Hi everybody! We'll be baptising our kid soon and are having trouble deciding on a gift for the Godparents (a married couple). We've looked at weekendtrips.com and those Shoppers Drug Mart "life experiences", i.e. an activity that they can do together (they don't have kids), but we're still open to other ideas.

Any ideas?

Thanks in advance for your help,

Miguel


----------



## miguelsanchez (Feb 1, 2005)

(bump) 

anyone?


----------



## Dr.G. (Aug 4, 2001)

We had a picture taken of my wife and I with our godchild. Everyone got copies, and the parents paid for the photo framing. Great gift (we are the godparents).


----------



## yoyo (Aug 3, 2003)

ipods


----------



## MLeh (Dec 23, 2005)

I've never heard of giving gifts to godparents as part of the baptism*, so I'd probably go with the framed photo idea. 

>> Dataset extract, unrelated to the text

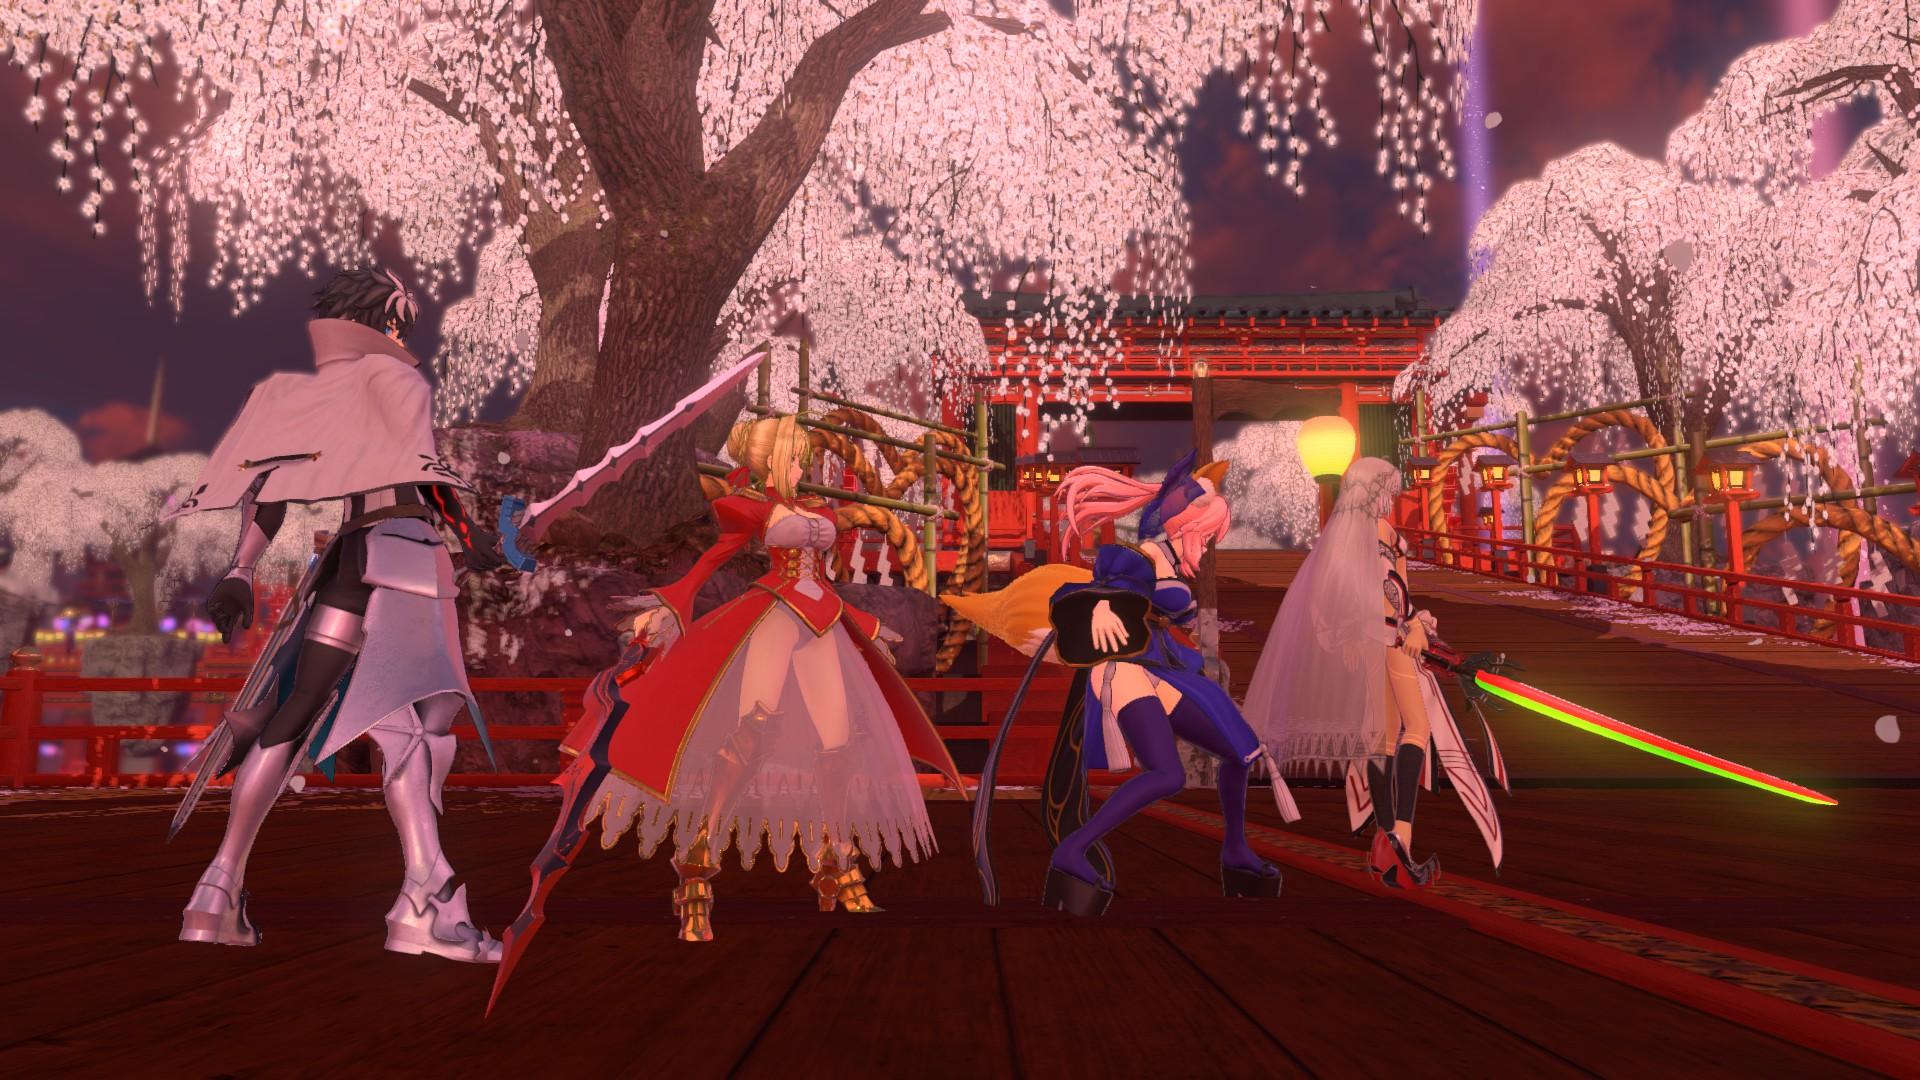 《Fate/EXTELLA LINK》Steam版3月发售 支持简中
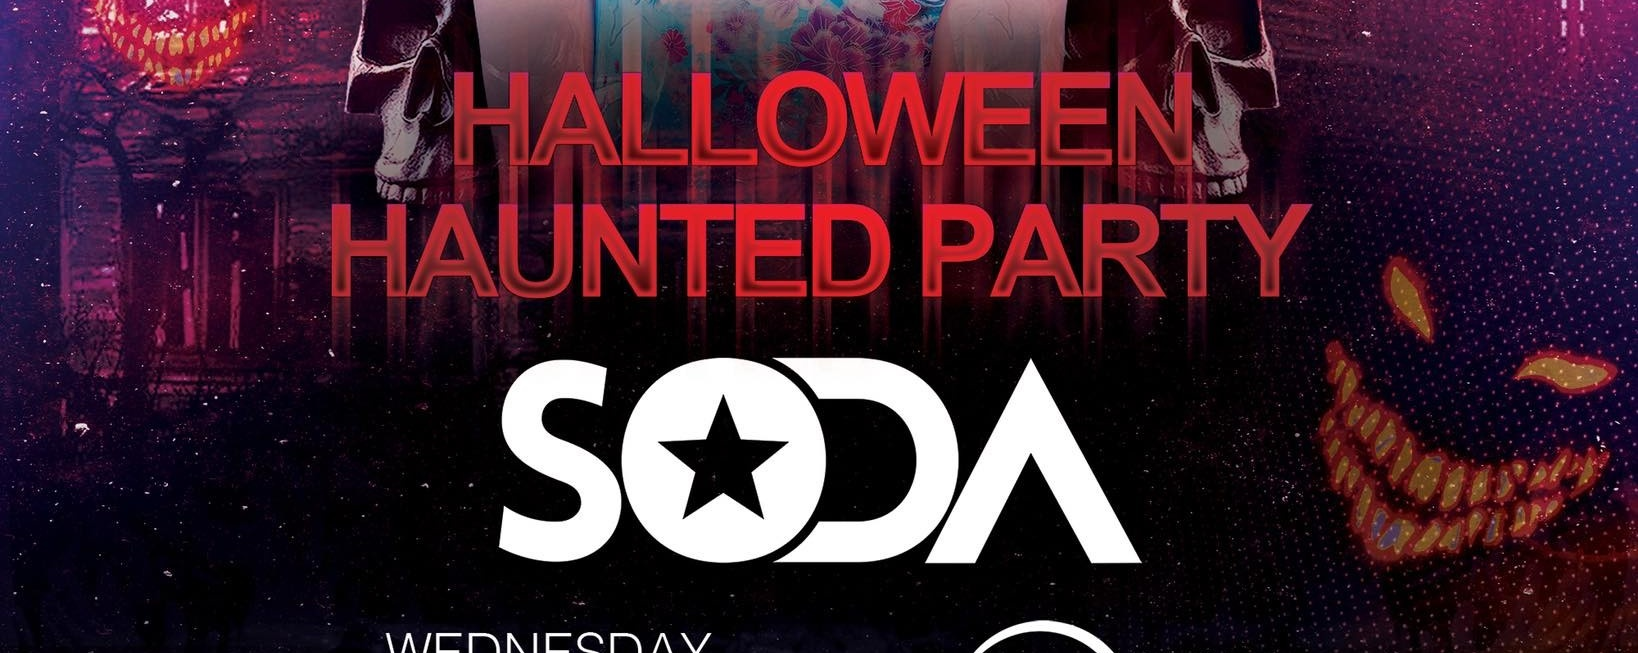 Paul van Dyk & DJ Soda at Cove Manila   Halloween Haunted Party

(*after all, it's supposed to be the _start_ of a special relationship)


----------



## miguelsanchez (Feb 1, 2005)

Thanks for the replies, everyone. We are taking the photo idea one step further and we are going to get them a digital camera, since they don't already have one.

MLeh, I know it sounds a little silly, but in the Greek Orthodox church, the Godparents go through a lot of trouble and money for this one special day, buying a special outfit for the kid, a gold cross and chain, special candles, etc. The gift is just a sign of appreciation for them doing this. The guy is also a very close relative and was my best man, so it's a continuing special relationship for us and a new one for them and the kid. 

Thanks again everyone,

Miguel


----------